Wexford County Councillor
- Incumbent
- Assumed office May 2019
- Constituency: Rosslare
- In office July 2016 – May 2019
- Constituency: Wexford
- In office June 2004 – August 2007
- Constituency: Wexford

Senator
- In office 13 September 2007 – 25 May 2011
- Constituency: Nominated by the Taoiseach

Personal details
- Born: 9 July 1974 (age 52) County Wexford, Ireland
- Party: Fianna Fáil
- Spouse: Richard Simpson
- Children: 2
- Education: University College Dublin
- Profession: Solicitor

= Lisa McDonald =

Irish politician (born 1974)

Lisa McDonald (born 9 July 1974) is an Irish Fianna Fáil politician, who was a member of Seanad Éireann from 2007 to 2011.

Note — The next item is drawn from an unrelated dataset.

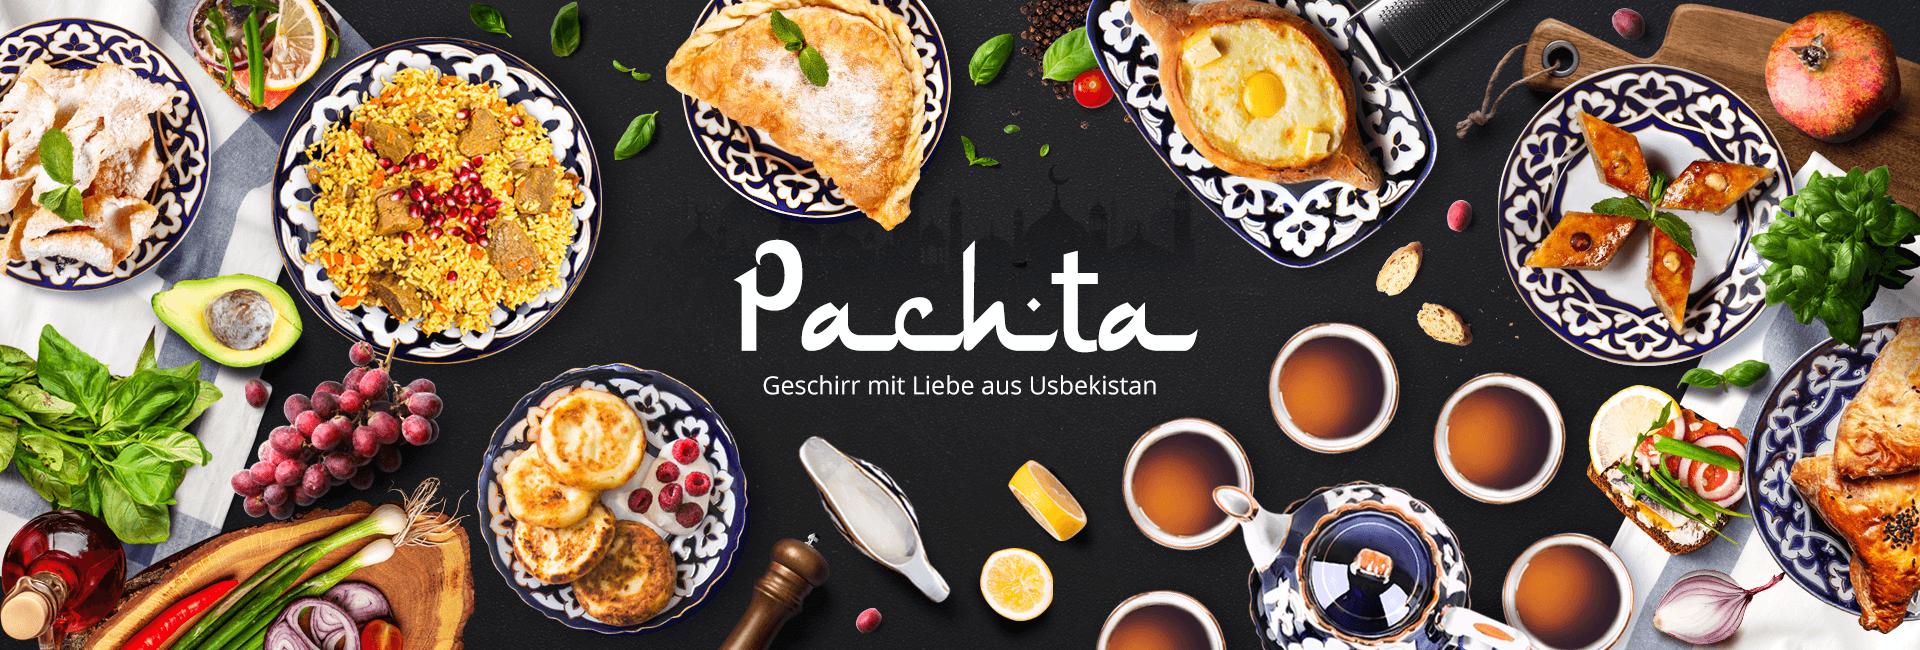 Pachta - mit Liebe aus Usbekistan

She was a member of Wexford County Council from 2004 to 2007. She was an unsuccessful candidate at the 2007 general election for the Wexford constituency. She was nominated by the Taoiseach, Bertie Ahern to Seanad Éireann on 3 August 2007.

From County Wexford, McDonald is married, with two children. A solicitor, she studied law at University College Dublin before moving back to Wexford, where she now has her own firm. While in college she was Chair of the Kevin Barry Cumann. She served on the Fianna Fáil National Executive from 1995 to 2004. She was the Fianna Fáil Seanad spokesperson for Equality and Law Reform from 2007 to 2011.

Following the death of councillor Fergie Kehoe, she was co-opted to fill the vacancy on Wexford County Council in July 2016 and was subsequently re-elected in 2019 and in 2024, for the Rosslare area. She was once again an unsuccessful candidate for the Wexford constituency at the 2020 general election.